I dati mensili dell’Istat su occupati e disoccupati si limitano a pochissimi indicatori. Per evitare spiegazioni congiunturali di dubbia tenuta, è opportuno analizzarli in una prospettiva temporale più lunga. Ed è utile metterli a confronto con i numeri sulle unità di lavoro.
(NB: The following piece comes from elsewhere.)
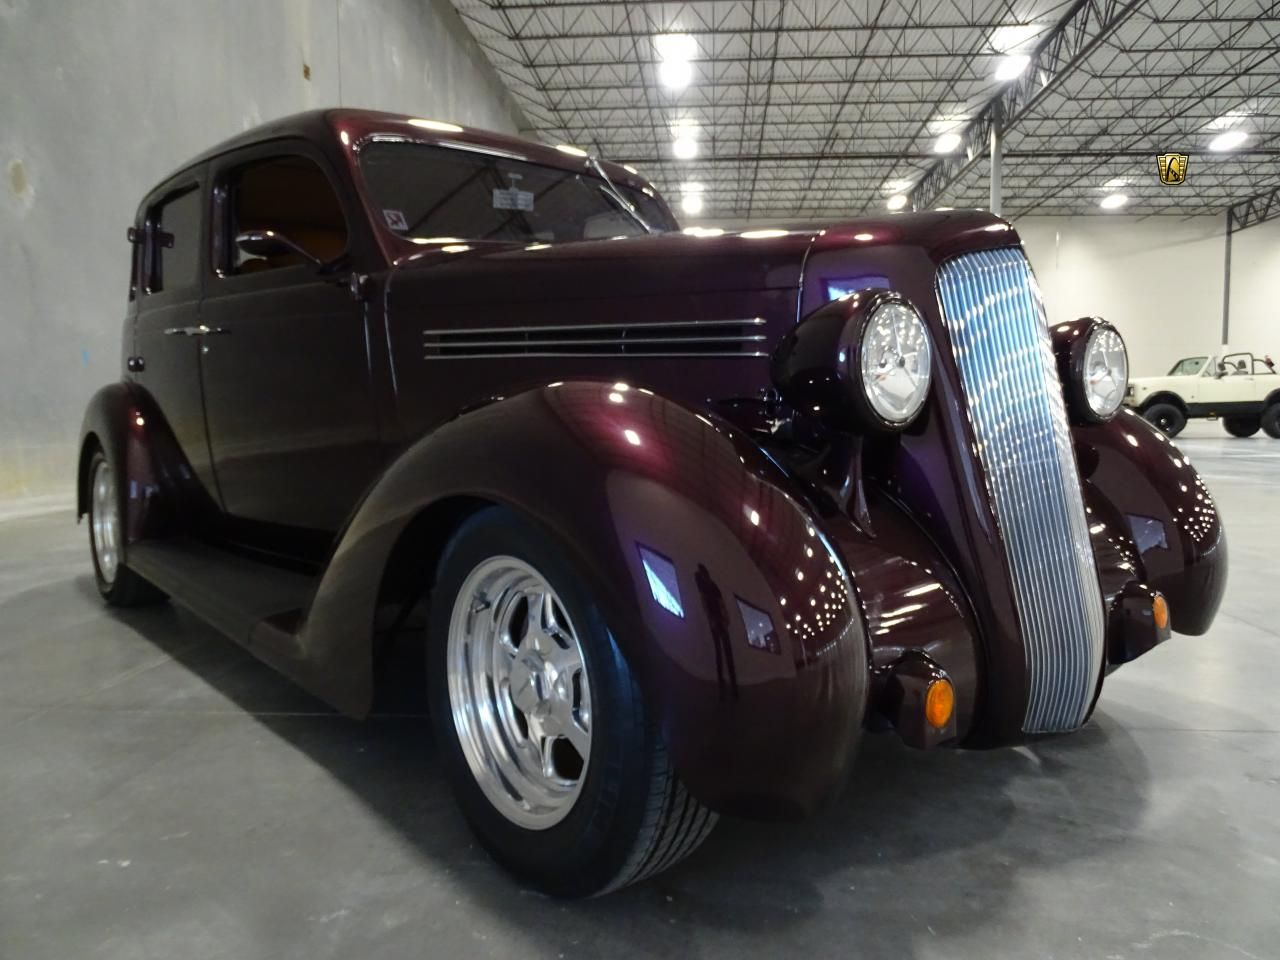 For sale in our Dallas, Texas showroom is a Purple 4 Door Sedan ...

LA PROSPETTIVA DI MEDIO PERIODO
Da quando l’Istat, conformandosi a prescrizioni europee, ha iniziato a diffondere dati mensili sui principali aggregati del mercato del lavoro, ogni mese ascoltiamo commenti sui numeri di occupati e disoccupati che cercano, ricorrendo a supposizioni più o meno plausibili o ardite, di spiegare le variazioni congiunturali di brevissimo periodo. In realtà, i dati mensili resi disponibili dall’Istat si limitano a pochissimi indicatori e nulla ci dicono sulle dinamiche settoriali, contrattuali o orarie che possano giustificarne o spiegarne le variazioni. Per questo, e per la natura campionaria della fonte, è elevatissimo il rischio di gioire (inutilmente) un mese per il miglioramento e di soffrire (altrettanto inutilmente) quello successivo per il peggioramento, scambiando per trend piccole oscillazioni statistiche del tutto compatibili con gli inevitabili problemi di misura. Per evitare spiegazioni congiunturali di dubbia tenuta, è sempre opportuno analizzare i dati mensili collocandoli in una più consistente prospettiva temporale.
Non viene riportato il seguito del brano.